In the General Assembly Resolution of 6 Sept. 2006, on the, Global Counter Terrorism Strategy members states
pledged to achieve the following objectives: to counter terrorism; settle international conflicts, end foreign occupation, fight against injustice and discrimination, eradicate poverty, promote growth and sustainable development, achieve global prosperity, good governance and respect for human rights and the rule of law, improve international , and ensure respect for all religions, value systems, culture and faith.
These were massive agenda that required concerted efforts from all countries, especially the major powers that control the international decision-making institutions in the political and economic domains. But why has this grand strategy failed?
One answer may in the prestige’s Stockholm Peace Research Institute paper that focused on the ISIS (Islamic State).
It wrote that; The Islamic State in Iraq and Syria (ISIS) has dramatically undermined stability in Iraq, Syria and the broader Middle East and poses a global risk to peace and security. The international community has struggled to find consensus on an effective response to the threat posed and too often falls back on simply intensifying current measures, which are incoherent and largely ineffective. In order to fight ISIS more effectively, it is necessary to evaluate why the current measures are not working and look at potential alternatives.
ISIS has flourished in ungoverned or weakly governed areas of countries affected by conflict or political instability. The complex environments within Afghanistan, Iraq, Libya, Nigeria, the Sinai Peninsula, Syria and Yemen provide ISIS with resources, recruits and safe havens. In addition, large numbers of ISIS recruits have come from relatively stable countries, such as Tunisia, further clouding the picture. Overall, however, combatting ISIS in most of the affected countries needs to be part of broader and longer-term efforts to restore security, tackle political injustices, increase economic output and promote effective governance.
So far, external military operations against ISIS have focused largely on airstrikes.. The air campaign has had mixed results, with critics arguing that it has done little to undermine the appeal of ISIS’ ideology and could in some cases have strengthened that appeal. Almost every air campaign against terrorists causes civilian casualties and the destruction of infrastructure, and ISIS operates almost entirely among civilians in cities such as Raqqa and Deir Ezzor in Syria and Mosul in Iraq. Recently the catastrophic results of these air strikes on civilians have been very
Moreover, increasingly, voices are saying that Western military intervention plays into the hands of ISIS and can lead to unintended consequences such as the creation of more terrorist groups; ISIS, for instance, was born out of the Iraq war. However, the military toolbox is just one front in the battle being waged against ISIS and there are other, arguably more effective ways for states to deal with the threat.

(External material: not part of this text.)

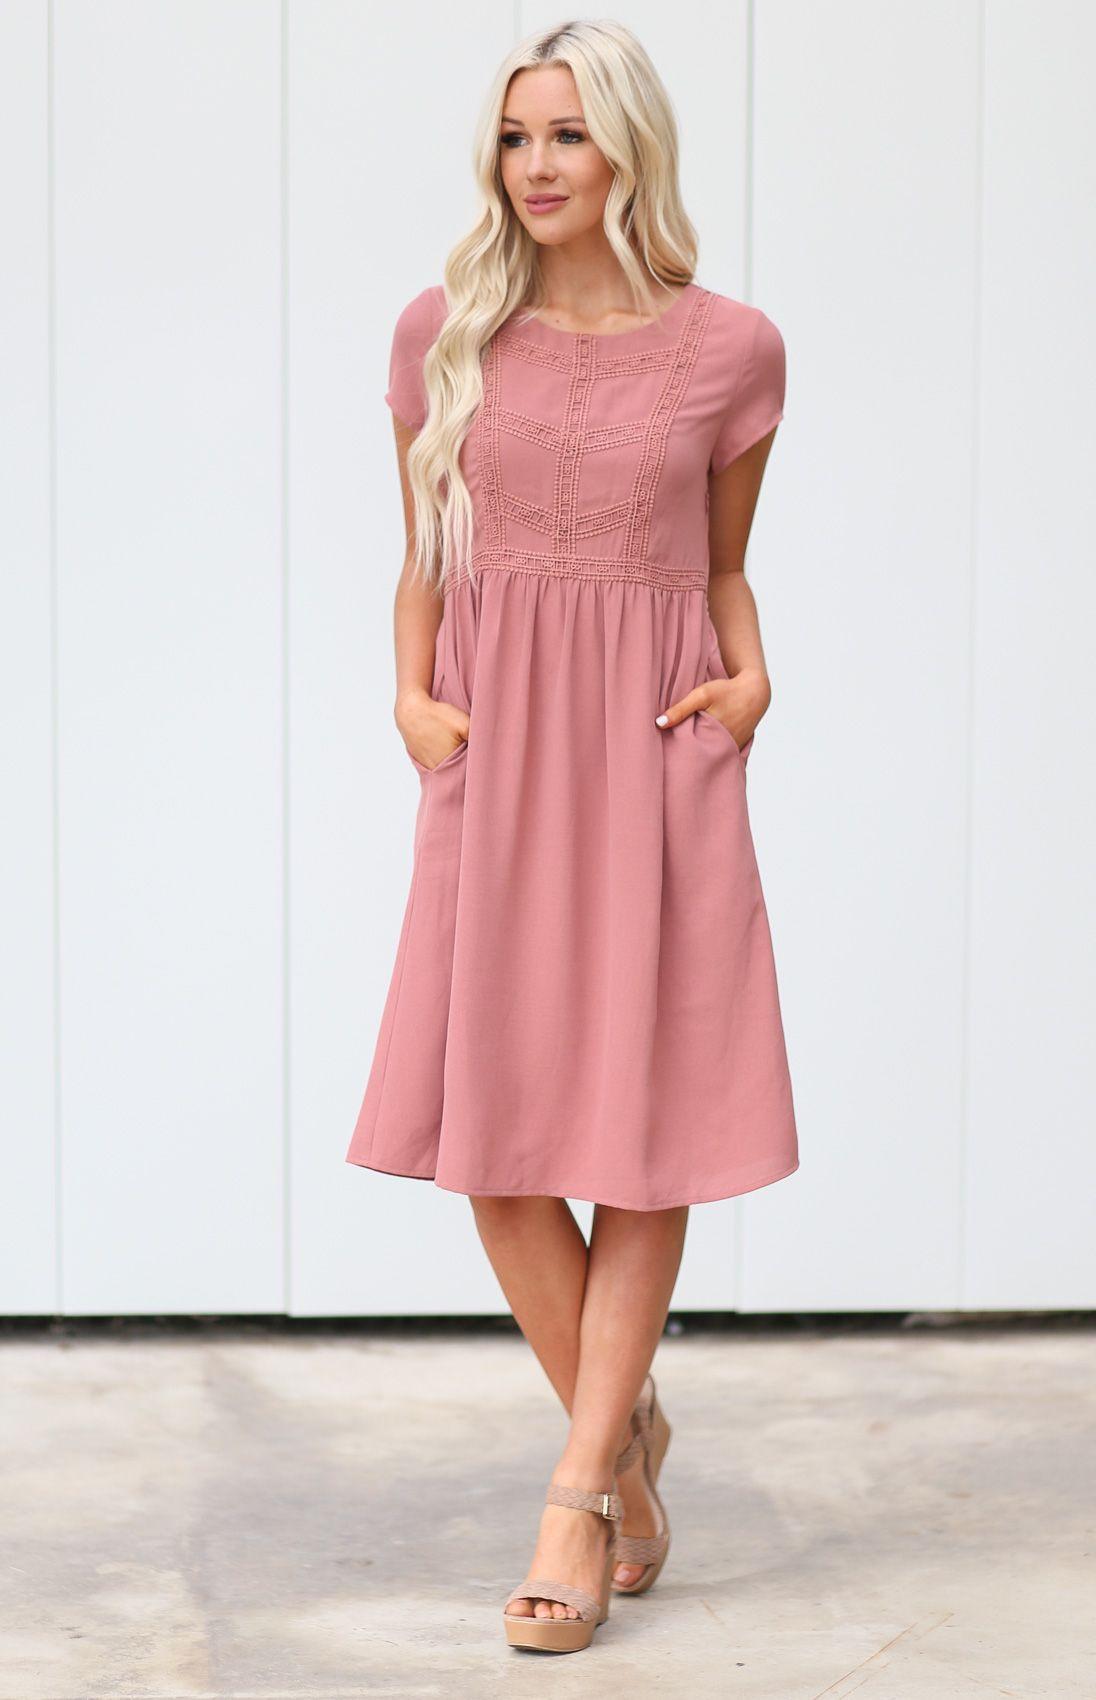 POCKETS! Kate Modest Easter Dress

ISIS uses social media for recruitment, communication and spreading propaganda. A recent ISIS slogan, ‘half of Jihad is Media, is an idea borrowed from the leader of al-Qaeda, Ayman Al-Zawahiri, who said: ‘ More than half of this battle is taking place in the battlefield of the Media.’ Countering ISIS propaganda is crucial. If ISIS loses its followers, it loses its strength. In the arena of digital counterinsurgency, there is still much room for improvement.

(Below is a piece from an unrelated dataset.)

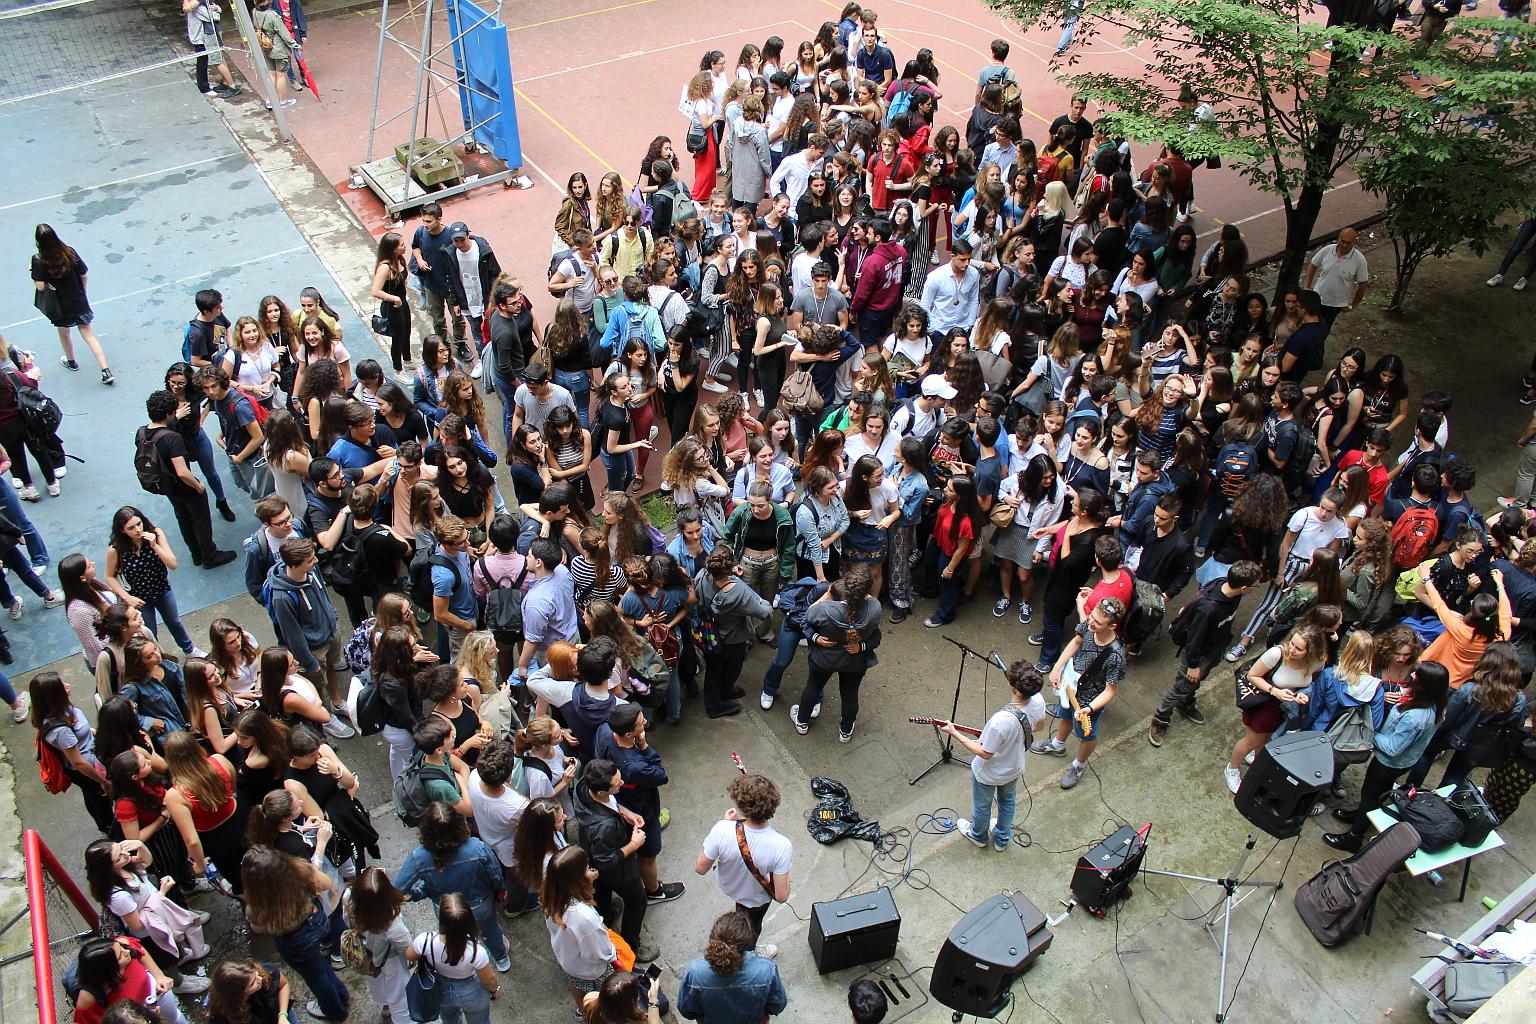 foto di concerto al Berchet

How to conduct an effective international intervention against ISIS is a question at the very centre of global politics today. An optimal intervention strategy does not exist; instead, the international community needs a combination of many smaller measures including, crucially, cutting off ISIS’ supplies of both finances and supporters. ISIS operates across three dimensions: (a) the areas under its direct control in Iraq and Syria; (b) as an international terrorist network or franchise; and (c) as an ideological movement of jihadist extremism. Therefore, the recipe for true peace needs to address these three dimensions in a coherent and sustainable way—and it will not be easy.